Defendants contend these claims fall within two categories of protected acts under section 425.16, subdivision (e), mainly, "(3) any written or oral statement or writing made in a place open to the public or a public forum in connection with an issue of public interest, or (4) any other conduct in furtherance of the exercise of the constitutional right of petition or the constitutional right of free speech in connection with a public issue or an issue of public interest." (§ 425.16, subd. (e)(3)-(4).) The latter provision, section 425.16, subdivision (e)(4), is known as the "catchall" provision, and requires the court to engage in a two-step inquiry to decide whether the activity from which a claim arises is entitled to protection: "[F]irst, we ask what public issue or issues the challenged activity implicates, and second, we ask whether the challenged activity contributes to public discussion of any such issue. [Citation.] If the answer to the second question is yes, then the protections of the anti-SLAPP statute are triggered, and the plaintiff in the underlying lawsuit must establish 'a probability' of prevailing before the action may proceed. (§ 425.16, subd. (b).)" (Geiser v.
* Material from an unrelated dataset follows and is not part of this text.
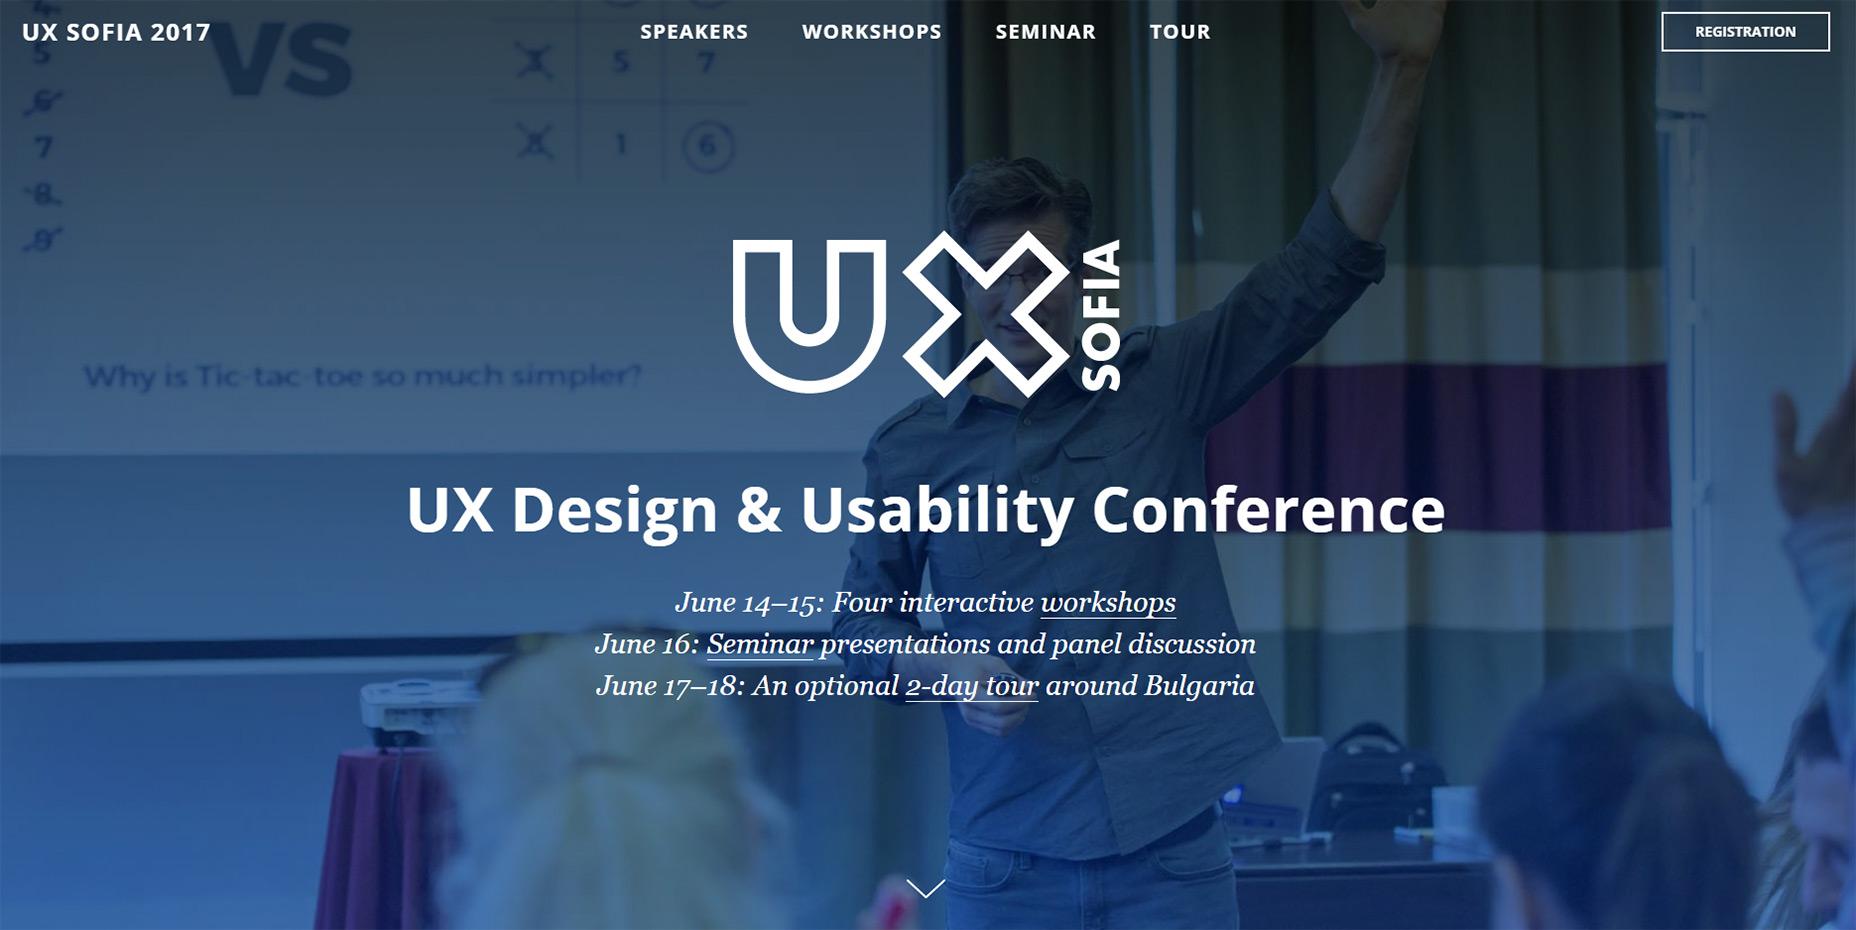 09-ux-sofia-conference

Kuhns (2022) 13 Cal.5th 1238, 1243 (Geiser).)
Under section 425.16, subdivision (e), which is not implicated in this case, protected acts also include: "(1) any written or oral statement or writing made before a legislative, executive, or judicial proceeding, or any other official proceeding authorized by law, [and] (2) any written or oral statement or writing made in connection with an issue under consideration or review by a legislative, executive, or judicial body, or any other official proceeding authorized by law . . . ."
I. Plaintiff's claims are not based on a statement or writing made in a public forum in connection with an issue of public interest (§ 425.16, subd. (e)(3)).
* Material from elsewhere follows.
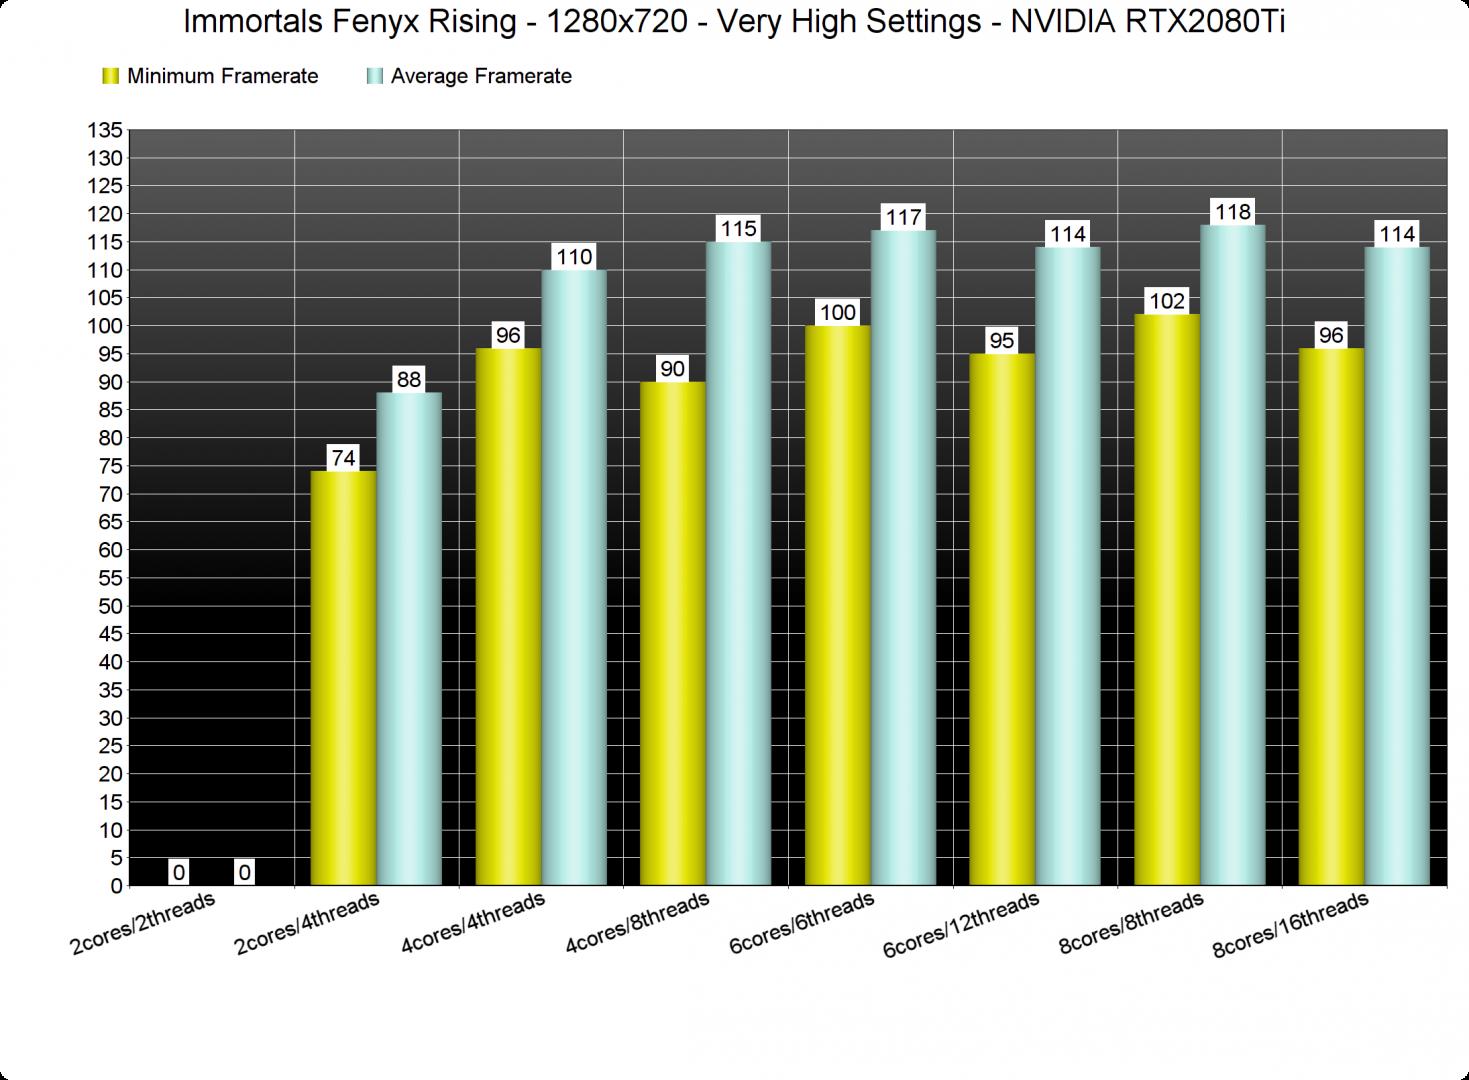 Immortals Fenyx Rising CPU benchmarks-1

Defendants contend plaintiff's claims arise from their statements and conduct as PTO directors and officers that were made in a public forum in connection with issues of public interest. According to defendants, their fundraising activities cannot be separated from their communications seeking donations from the public for this fundraising because they are "one and the same." We disagree. Several cases illustrate why.
In San Ramon Valley Fire Protection Dist. v. Contra Costa County Employees' Retirement Assn. (2004) 125 Cal.App.4th 343, a fire protection district sued a county retirement board over the pension contribution levels decided upon by the board. In its an anti-SLAPP motion, the board argued the lawsuit arose out of its deliberations and vote, held in a public forum, that led to its pension decision. The reviewing court disagreed: "The fact that a complaint alleges that a public entity's action was taken as a result of a majority vote of its constituent members does not mean that the litigation challenging that action arose from protected activity, where the measure itself is not an exercise of free speech or petition. Acts of governance mandated by law, without more, are not exercises of free speech or petition." (Id. at p. 354; accord, Graffiti Protective Coatings Inc. v. City of Pico Rivera (2010) 181 Cal.App.4th 1207, 1214-1215, 1224 [rejecting anti-SLAPP challenge where the company's lawsuit was based on the city's alleged violation of competitive bidding laws in awarding a contract to the company's rival and not on the city's communications that preceded its decision].)
Similarly, in Gaynor v. Bulen (2018) 19 Cal.App.5th 864, the beneficiaries of a family trust sued a de facto trustee (defendant) and individual trustees for breach of fiduciary duty. As here, the Gaynor complaint identified many separate incidents of wrongdoing, including implementing a plan to benefit one class of beneficiaries over another and wrongfully withdrawing trust assets to engage in litigation to convince the probate court to adopt their plan. (Id. at pp. 873-874.) The defendant filed an anti-SLAPP motion, contending the beneficiaries' claim arose out of protected activity, such as filing probate lawsuits. (Id. at p. 875.) The trial court denied this motion, and the appellate court affirmed, explaining the beneficiaries' breach of fiduciary duty claim was based on defendant's violations of statutes governing a trustee's handling of trust assets, not his filing of litigation. Although plaintiff's petition included allegations that defendant engaged in protected activities, these allegations provided evidence to support the claim for breach of fiduciary duty but were not "an essential element of the claim." (Id. at pp. 870, 882.)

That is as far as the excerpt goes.